17 setembro 2008

na praia


Tendemos a ver somente o que já conhecemos, e só podemos nomear o que nos é permitido. As famílias têm regras muito estritas a este respeito. São os tabus familiares. Em algumas não se pode falar da morte, ou do câncer, ou da doença mental... São aqueles casos em que todo mundo sabe, e todo mundo faz de conta que não. Quando os sentimentos não são ditos, as crianças crescem sem aprender a nomeá-los, e aquilo que não pode ser nomeado não pode ser conscientizado, e não pode ser elaborado, e não pode ser expresso em palavras, e se transforma em sintomas, especialmente em sintomas físicos. Trata-se de uma condição que a psicanálise denomina de alexitimia, ou seja, a incapacidade (a) de usar palavras (lexi) para expressar os sentimentos (timia).

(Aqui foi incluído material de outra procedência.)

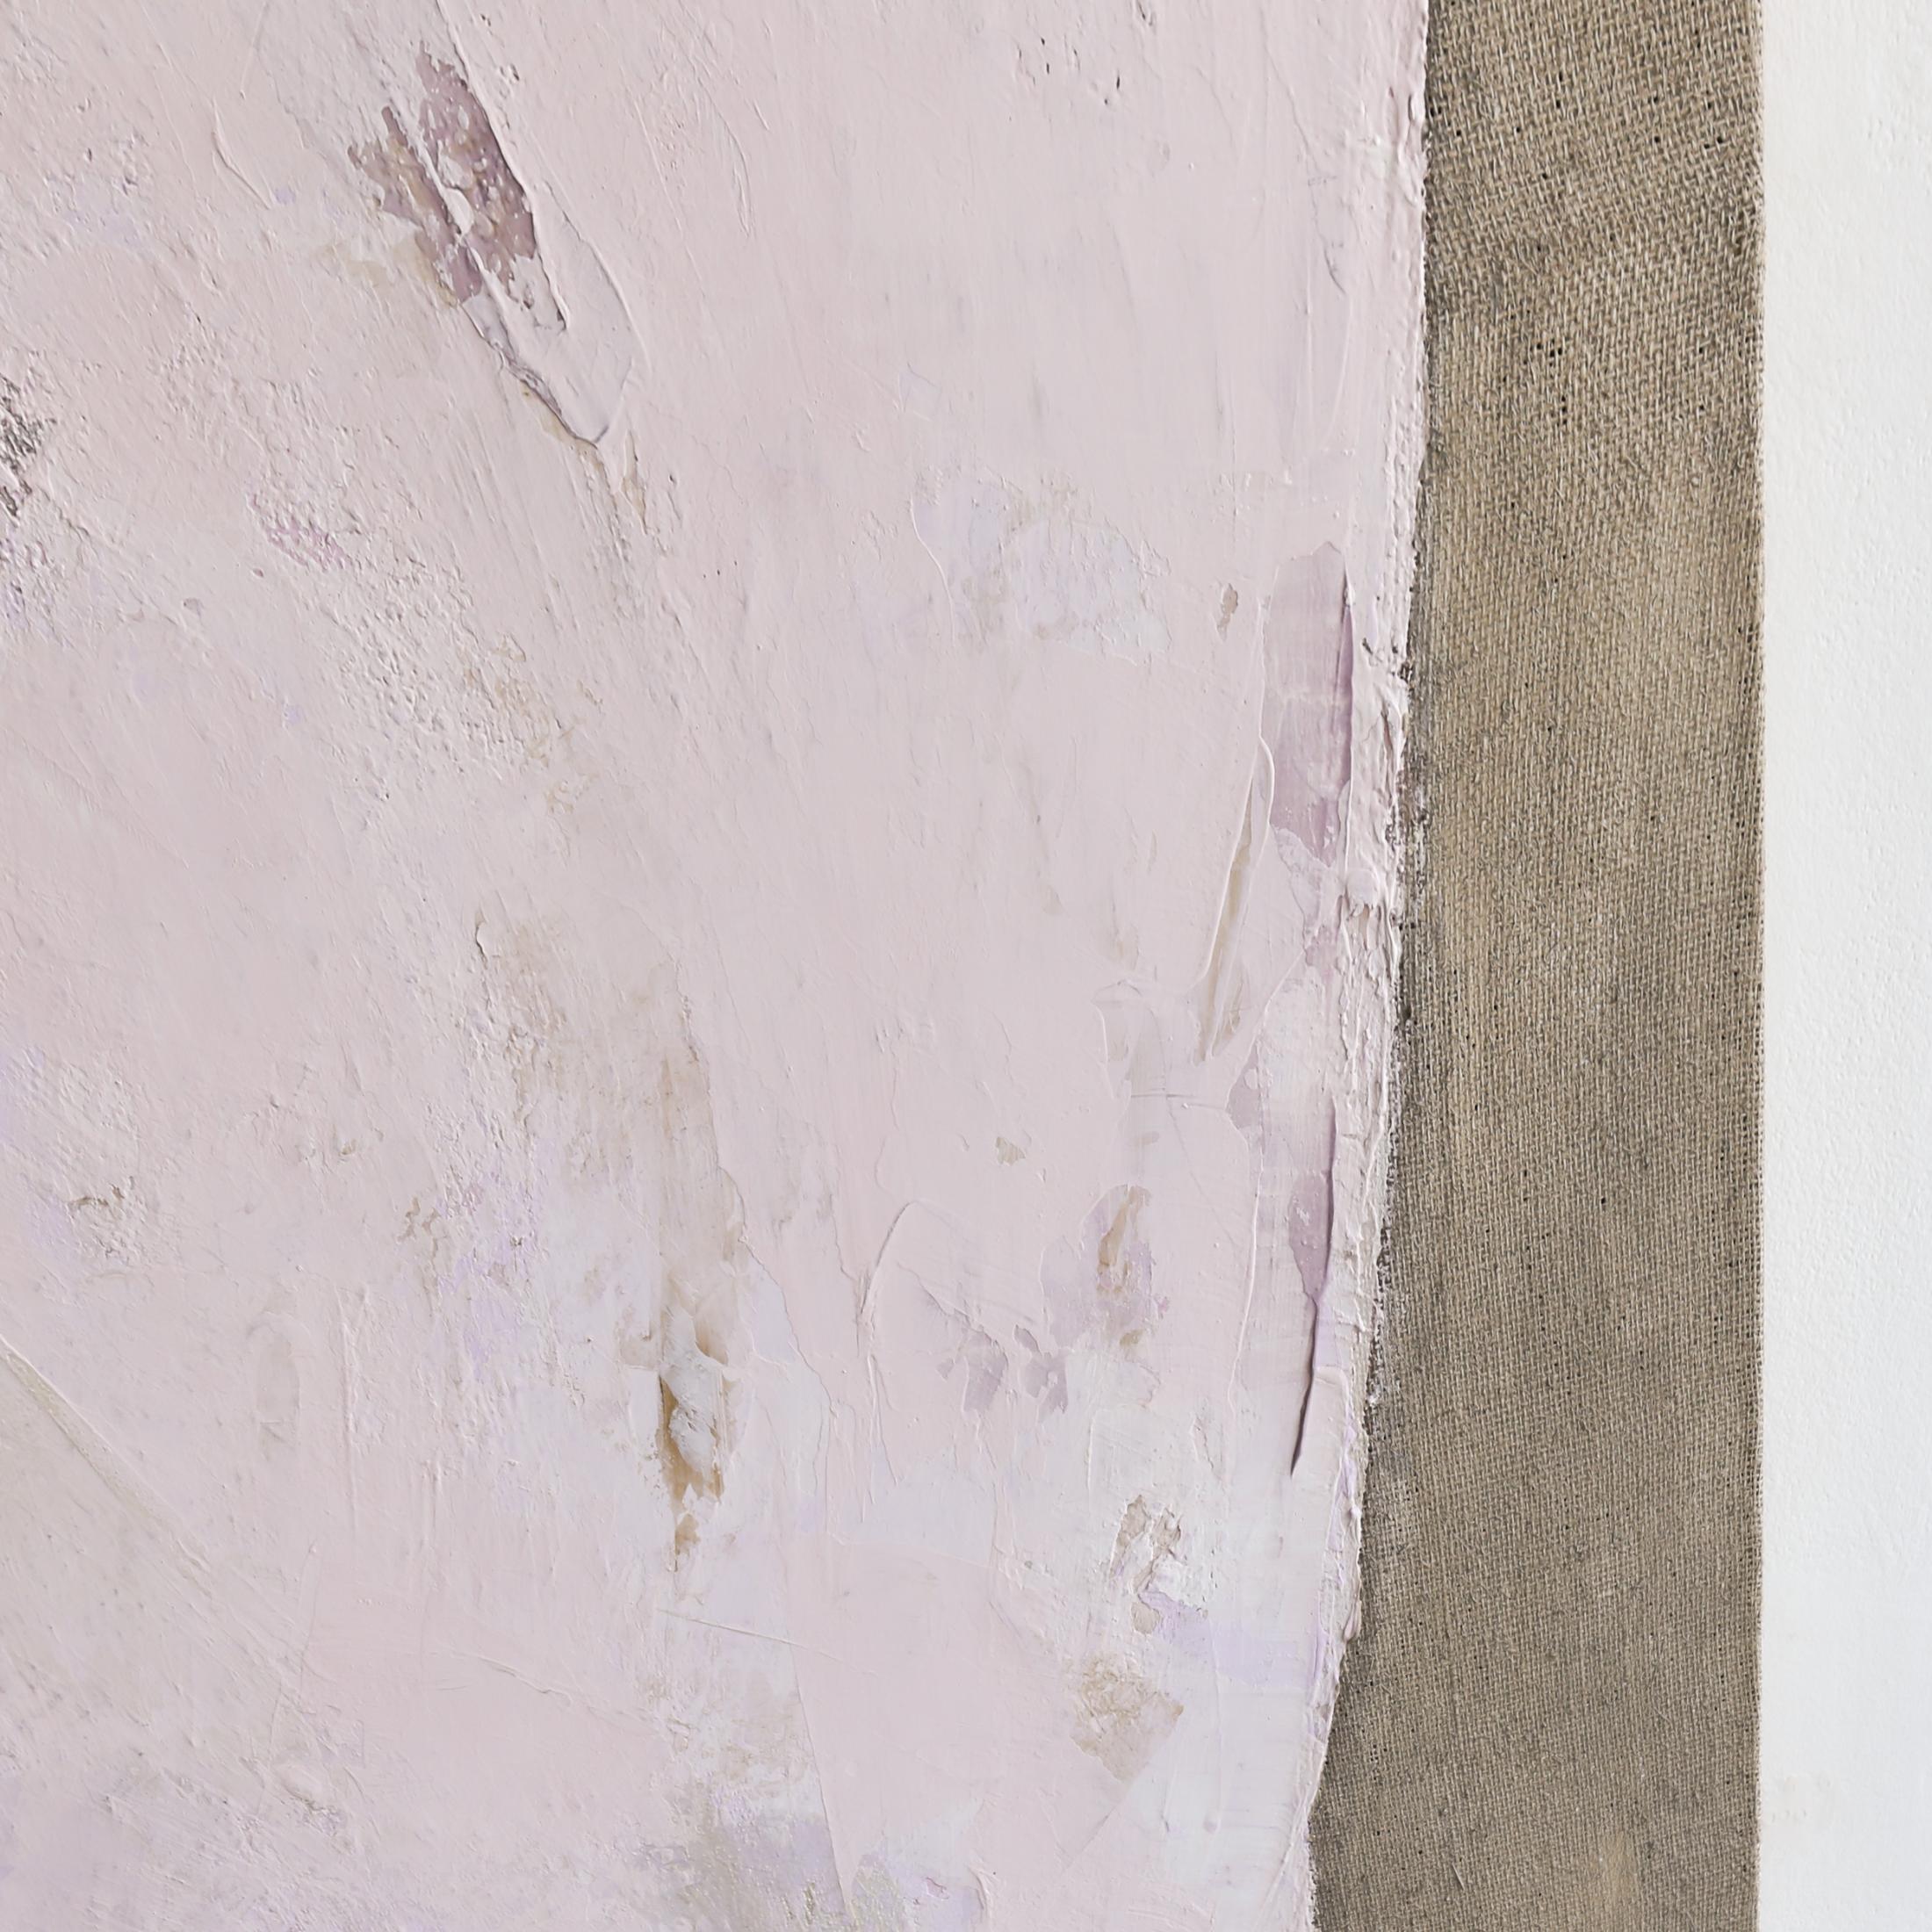 Dieses abstrakte zeitgenössische Werk mit dem Titel Rosa Chiaro von Kim Fonder verwendet  Gips, organisches Pigment und venezianischer Gips auf Sackleinen mit den Maßen 80 x 80 Preis ist $9700.00

Kim Fonder liebt Textur und Berührung. Ihre Gemälde

Um belo exemplo de como os tabus familiares – que se estabelecem para supostamente proteger aqueles que de outra forma seriam vistos como diferentes, ou estariam expostos a algum sofrimento – é descrito por Ian McEwan, em Na praia, novela na qual o protagonista cresce numa família cuja mãe é doente mental, mas cuja “diferença” fica encoberta pela fantasia compartilhada de que tudo está normal. No entanto,


a fantasia só podia durar enquanto não fosse falada. Eles cresceram no interior dela, e só puderam viver com neutralidade os absurdos dessa fantasia porque nunca os nomearam. [...] As crianças não ficavam envergonhadas de ouvir q mãe lhes contar coisas que elas sabiam não poder ser verdadeiras. Ela não tinha um dia movimentado pela frente, na verdade não passara a tarde inteira fazendo geléia de amora. Não eram falsidades, mas expressões do que a mãe de fato era, e eles estavam determinados a protegê-la – em silêncio. Foram portanto memoráveis os poucos minutos quando Edward, aos catorze anos, viu-se sozinho com o pai no jardim e ouviu pela primeira vez que a mãe era deficiente mental. [...] Se mais alguém tivesse dito aquilo sobre sua mãe, Edward se veria obrigado a partir para a briga e para as injúrias. Mas, ao ouvir num silêncio hostil essa calúnia, no fundo se sentiu aliviado. É claro que era verdade, e ele não podia combater os fatos. Na mesma hora, tratou de se convencer de que sempre soubera.